:: Dataset section ::
<<<<

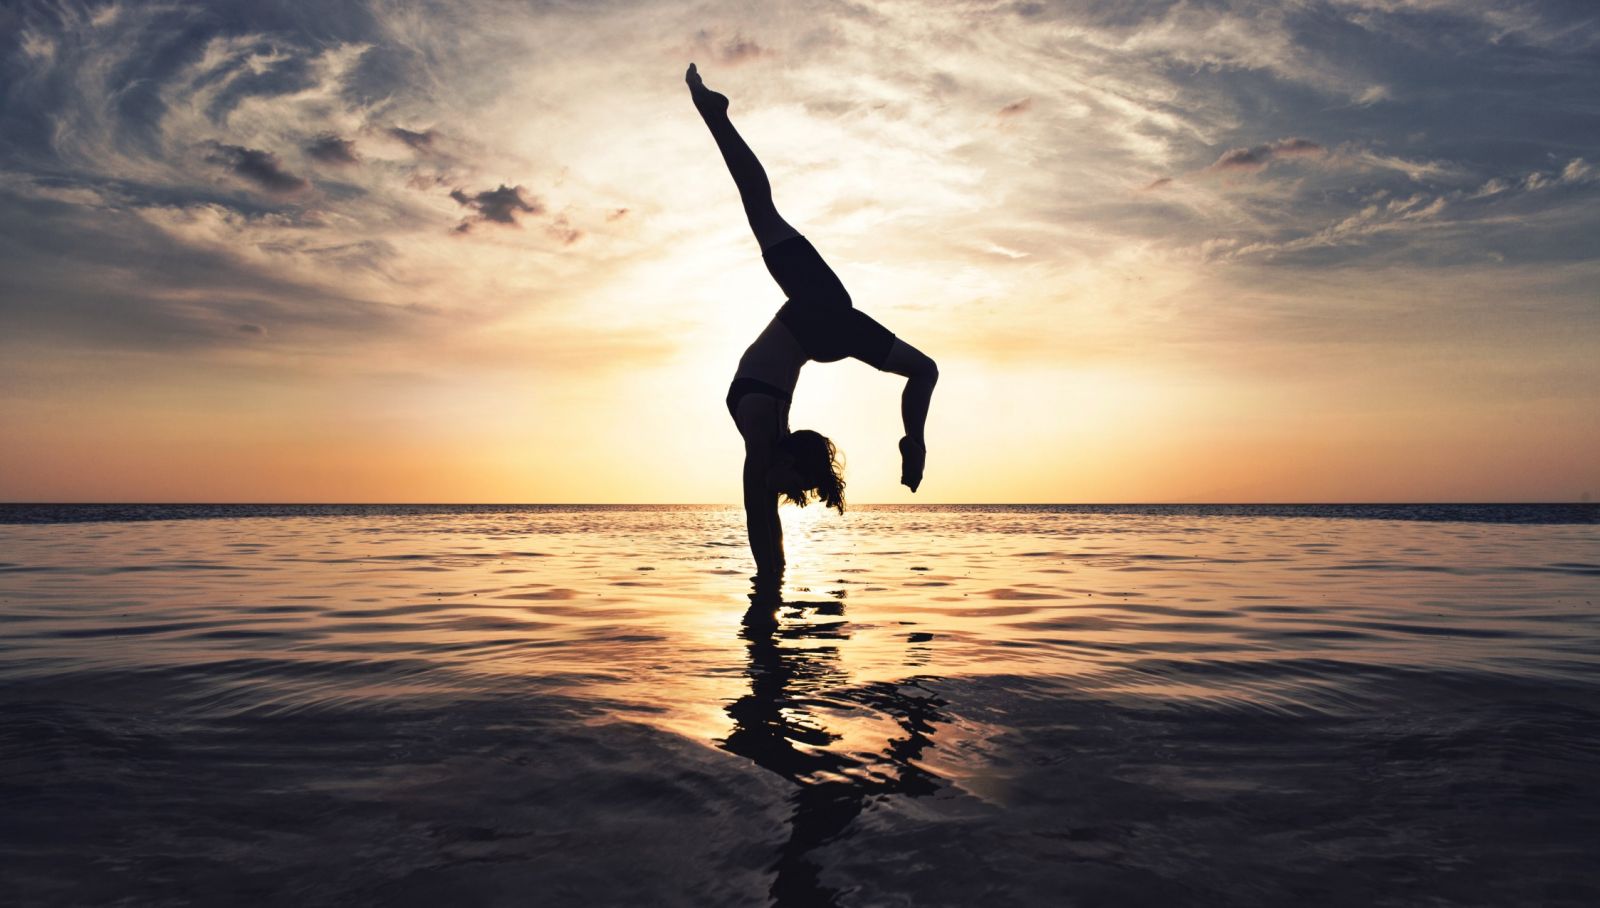 Обучение танцам. Как йога помогает стать лучшим танцором
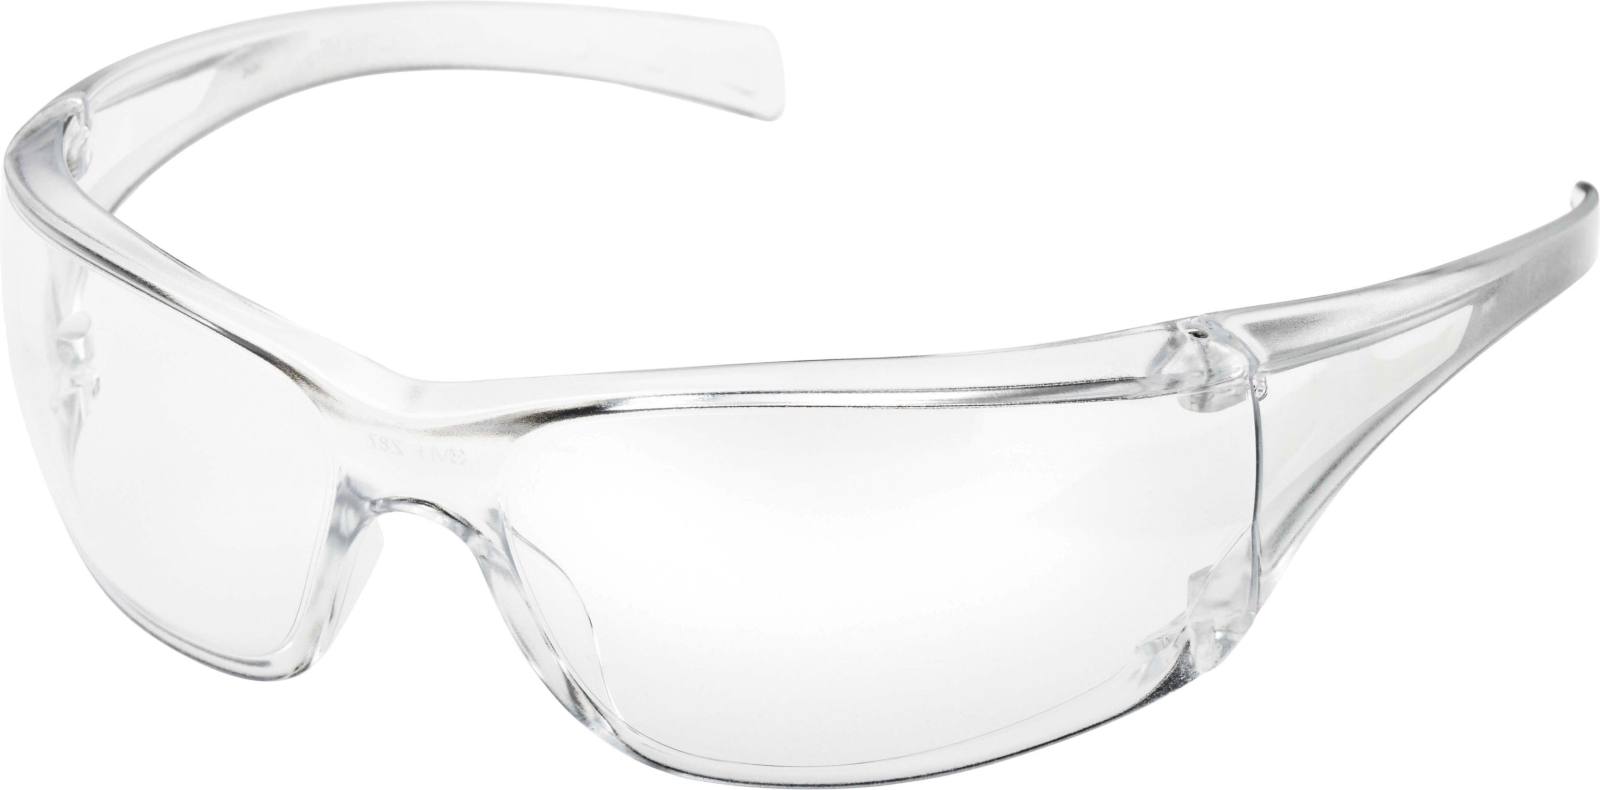 3M Gafas de protección Virtua AF, tratamiento antirrayas/antivaho, lente gris, 715002AF
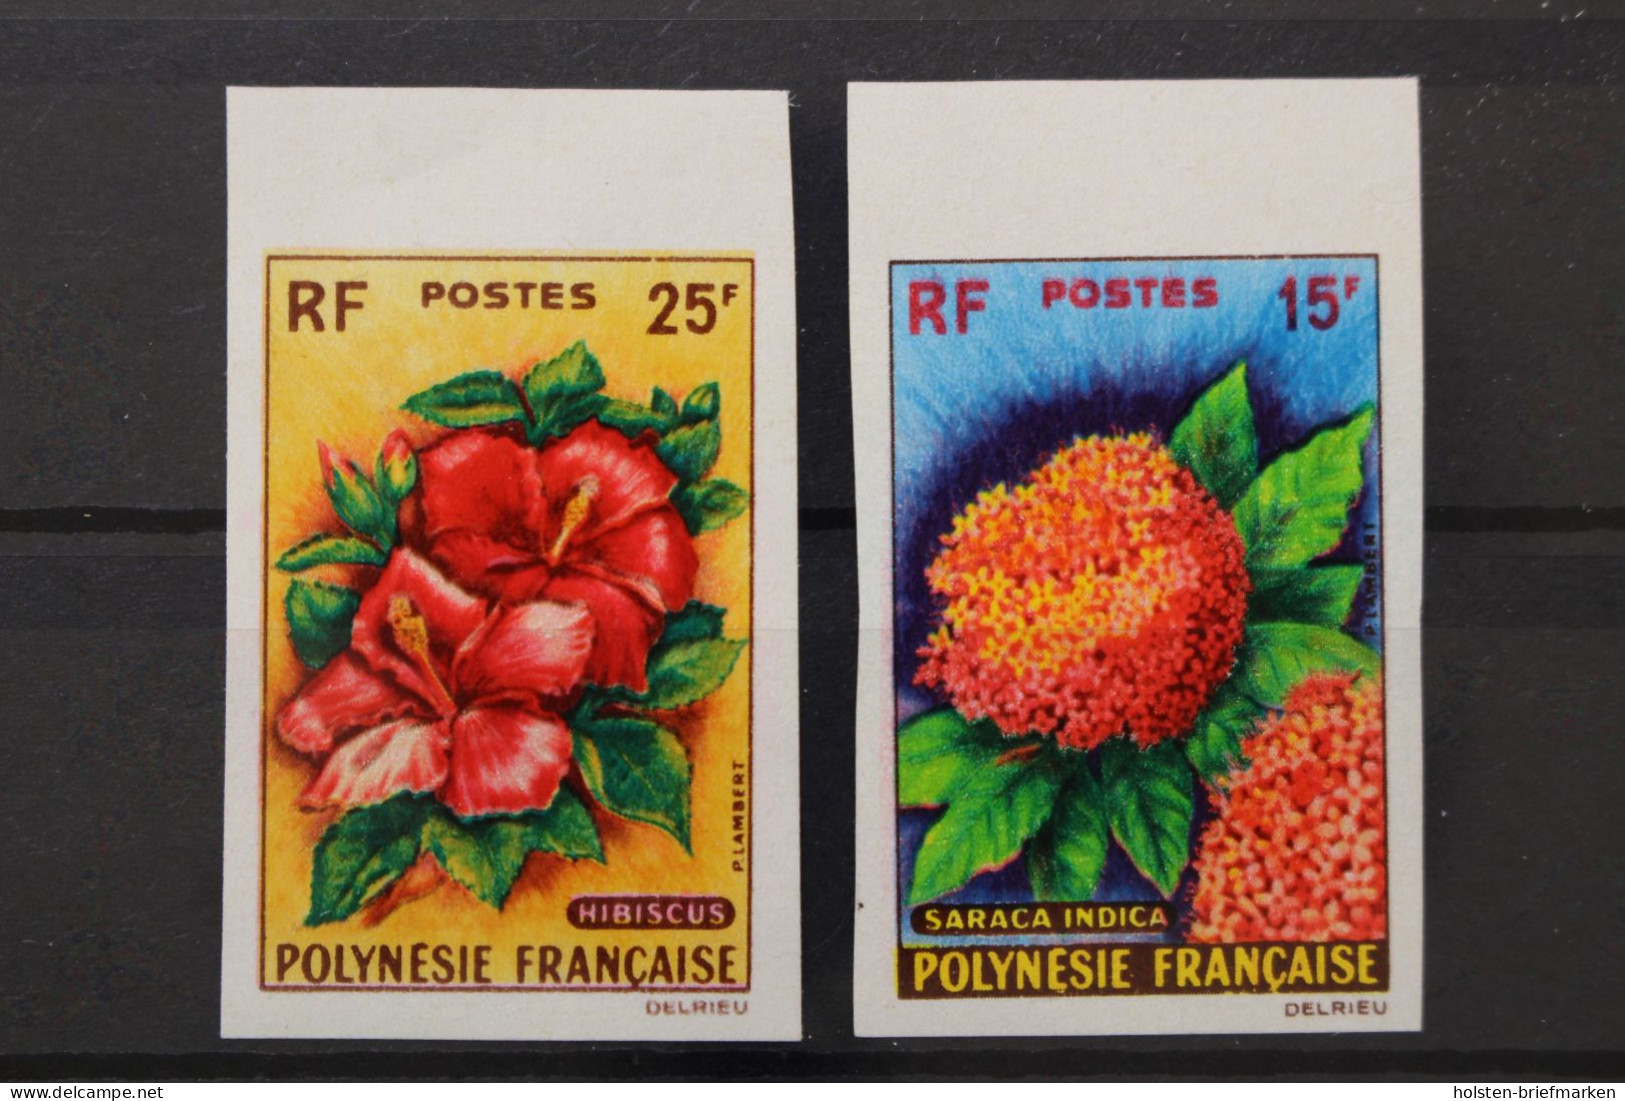 Französisch-Polynesien, MiNr. 20-21, Ungezähnt, Postfrisch - Unused Stamps

>>>>

:: Work required ::
Give the material above again exactly as it stands, minus any images.

:: Completed task ::
 Обучение танцам. Как йога помогает стать лучшим танцором
 3M Gafas de protección Virtua AF, tratamiento antirrayas/antivaho, lente gris, 715002AF
 Französisch-Polynesien, MiNr. 20-21, Ungezähnt, Postfrisch - Unused Stamps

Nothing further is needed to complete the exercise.